In the listing below, a line holding "Green Diamond Delta" and a line holding "Pride is an" mark the range. Retype both exactly, with all lines between them.

MATERIAL FOR THIS EXERCISE section start

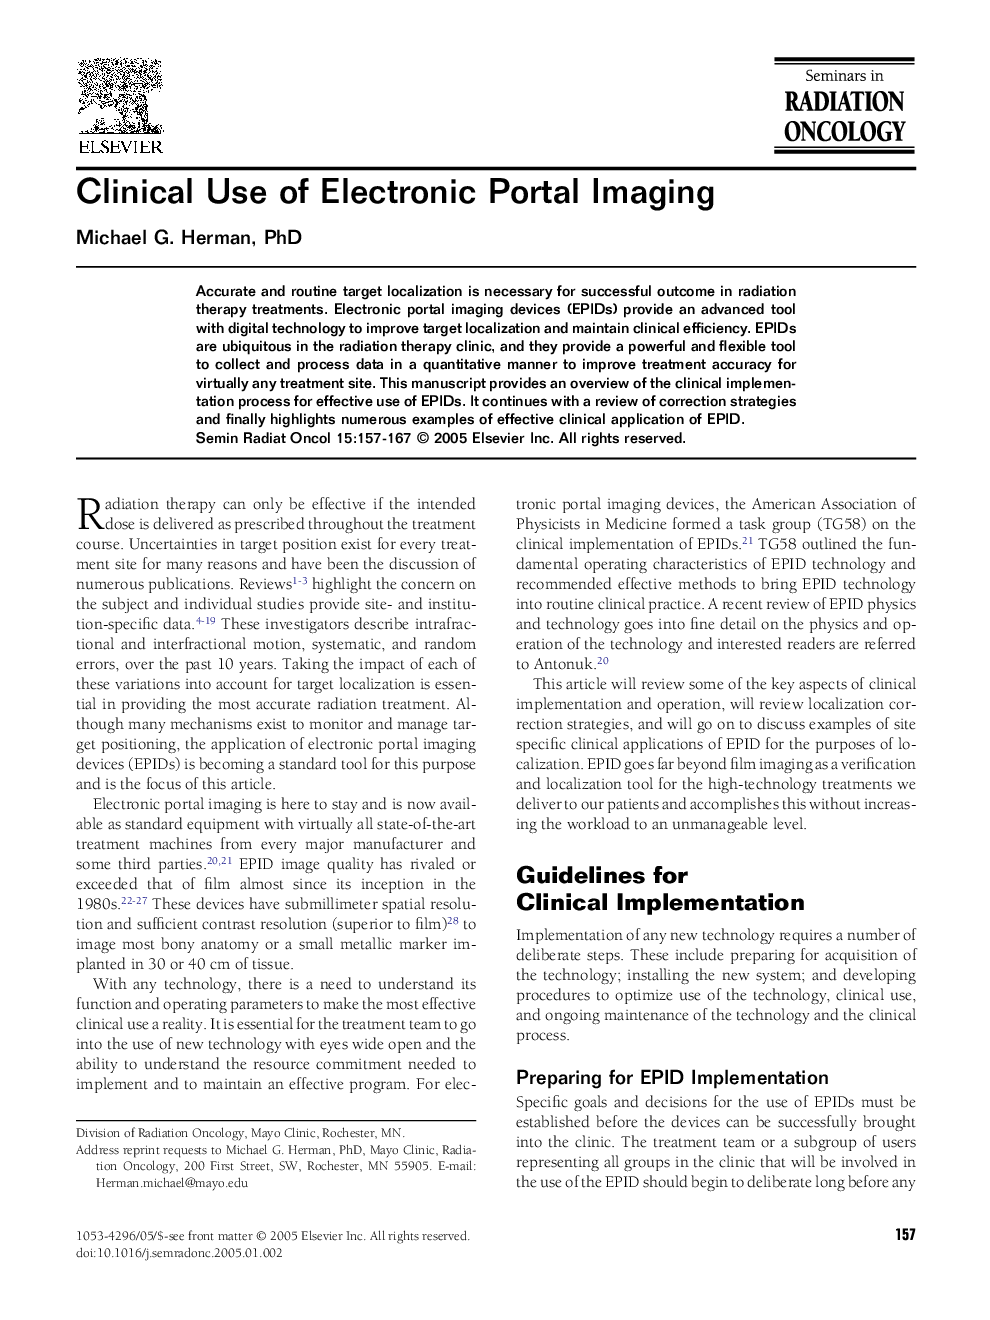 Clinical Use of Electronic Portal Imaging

MATERIAL FOR THIS EXERCISE section end
MATERIAL FOR THIS EXERCISE section start

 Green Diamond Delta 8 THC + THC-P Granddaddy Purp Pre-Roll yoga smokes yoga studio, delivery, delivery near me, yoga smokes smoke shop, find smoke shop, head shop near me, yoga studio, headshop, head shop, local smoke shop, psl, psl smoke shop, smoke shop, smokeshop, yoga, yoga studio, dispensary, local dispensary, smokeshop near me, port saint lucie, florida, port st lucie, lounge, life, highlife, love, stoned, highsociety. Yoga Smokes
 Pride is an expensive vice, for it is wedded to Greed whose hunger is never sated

MATERIAL FOR THIS EXERCISE section end

- _TASK ANSWER_
 Green Diamond Delta 8 THC + THC-P Granddaddy Purp Pre-Roll yoga smokes yoga studio, delivery, delivery near me, yoga smokes smoke shop, find smoke shop, head shop near me, yoga studio, headshop, head shop, local smoke shop, psl, psl smoke shop, smoke shop, smokeshop, yoga, yoga studio, dispensary, local dispensary, smokeshop near me, port saint lucie, florida, port st lucie, lounge, life, highlife, love, stoned, highsociety. Yoga Smokes
 Pride is an expensive vice, for it is wedded to Greed whose hunger is never sated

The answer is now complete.